TranslatorSRI/Babel

Number of GeneProtein conflations and fell in 2024oct1

Opened this issue · 1 comments

2024oct1 has fewer gene-protein conflations (19,701,538) than 2024aug18 (21,431,316) and slightly fewer info-content values (3,345,015) than 2024aug18 (3,346,582). We should figure out why this is.

I traced one example back, and found that the gene identifier (NCBIGene:9736071) was no longer present in gene_info.gz (as downloaded from https://ftp.ncbi.nlm.nih.gov/gene/DATA/gene_info.gz), presumably because it was "discontinued on 23-Aug-2024". We previously associated this with UniProtKB:E0SDS8, which is still present in our database (but trying a GeneProtein conflation on this will simply return the gene). More information about prokaryotic genes discontinued by NCBI: https://www.ncbi.nlm.nih.gov/refseq/about/prokaryotes/faq/#FAQ1

I randomly checked around ~10 genes that have been deleted and they were all bacterial genes discontinued in late August.

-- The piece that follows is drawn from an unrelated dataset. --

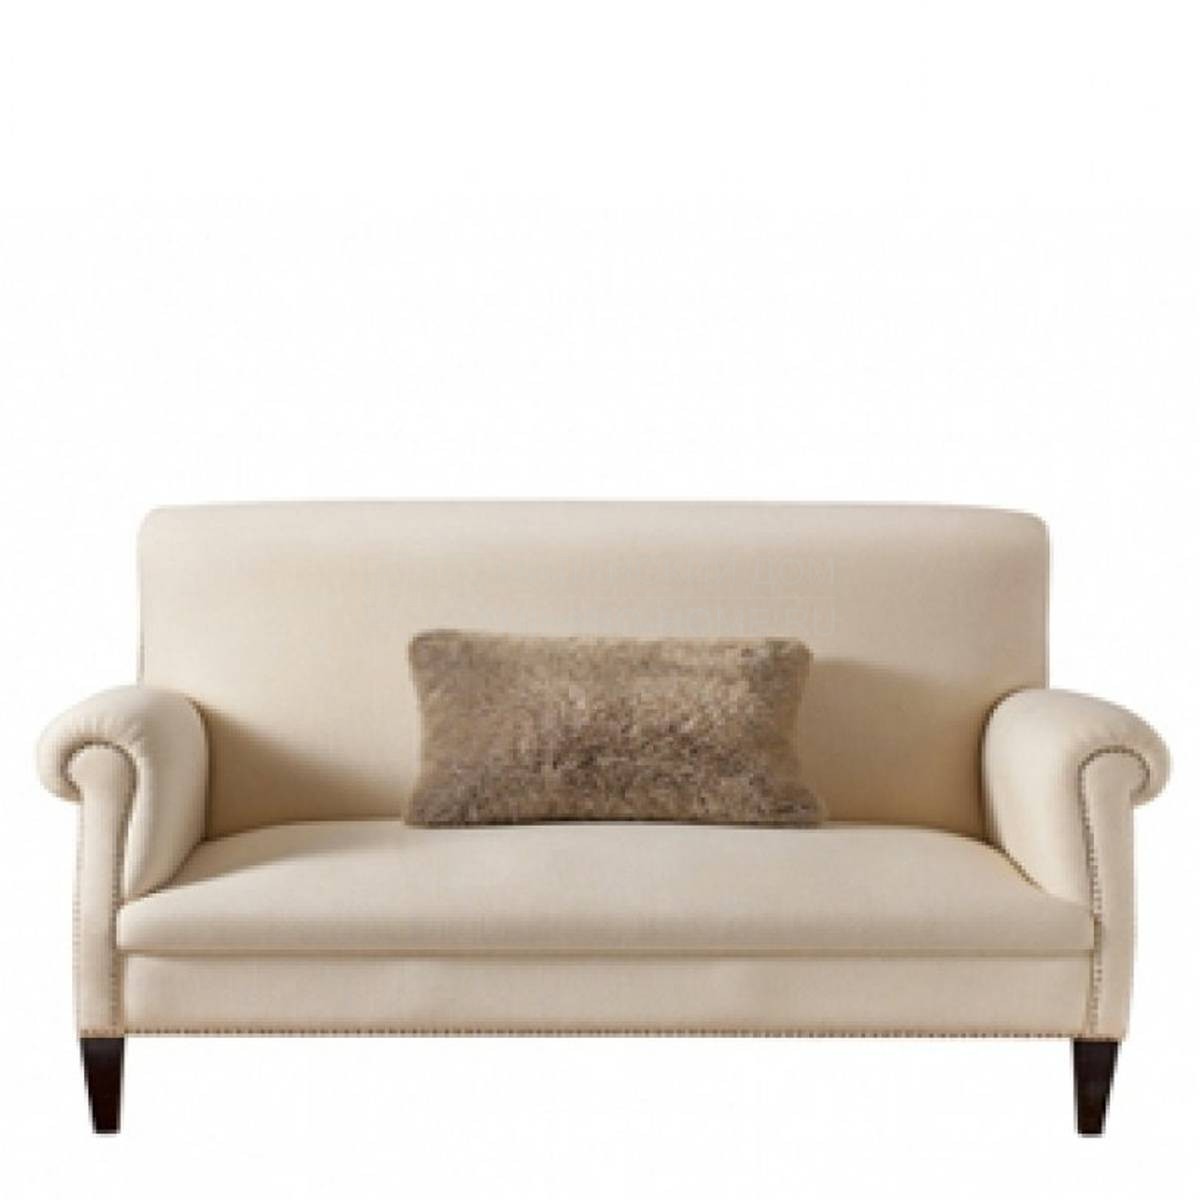 Прямой диван Begonia two seater sofa из Италии фабрики MARIONI
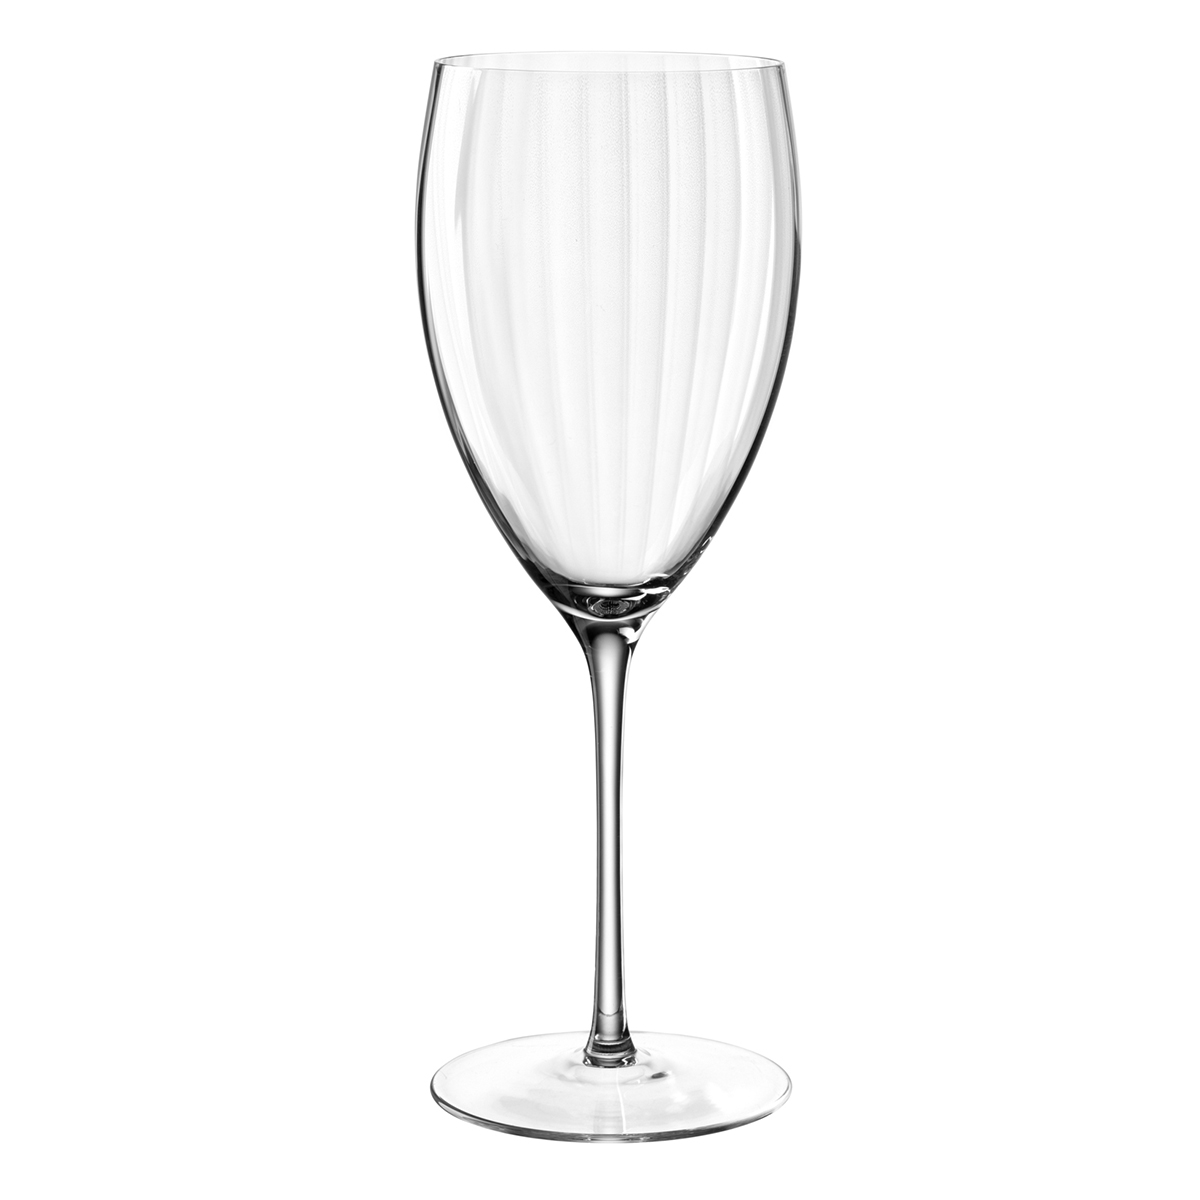 Čaša za belo vino POESIA 450ml 69164

We could try to use a previous gene_info.gz file so that we don't lose this information, but that seems dumb. If these identifiers are mostly to do with prokaryotic identifiers, they're unlikely to have an effect on Translator, and I assume eventually UniProtKB will update their IDs. But when we have a bit of free time it might be worth looking into the gene history files to see if we can find new mappings for those identifiers for a future Babel release.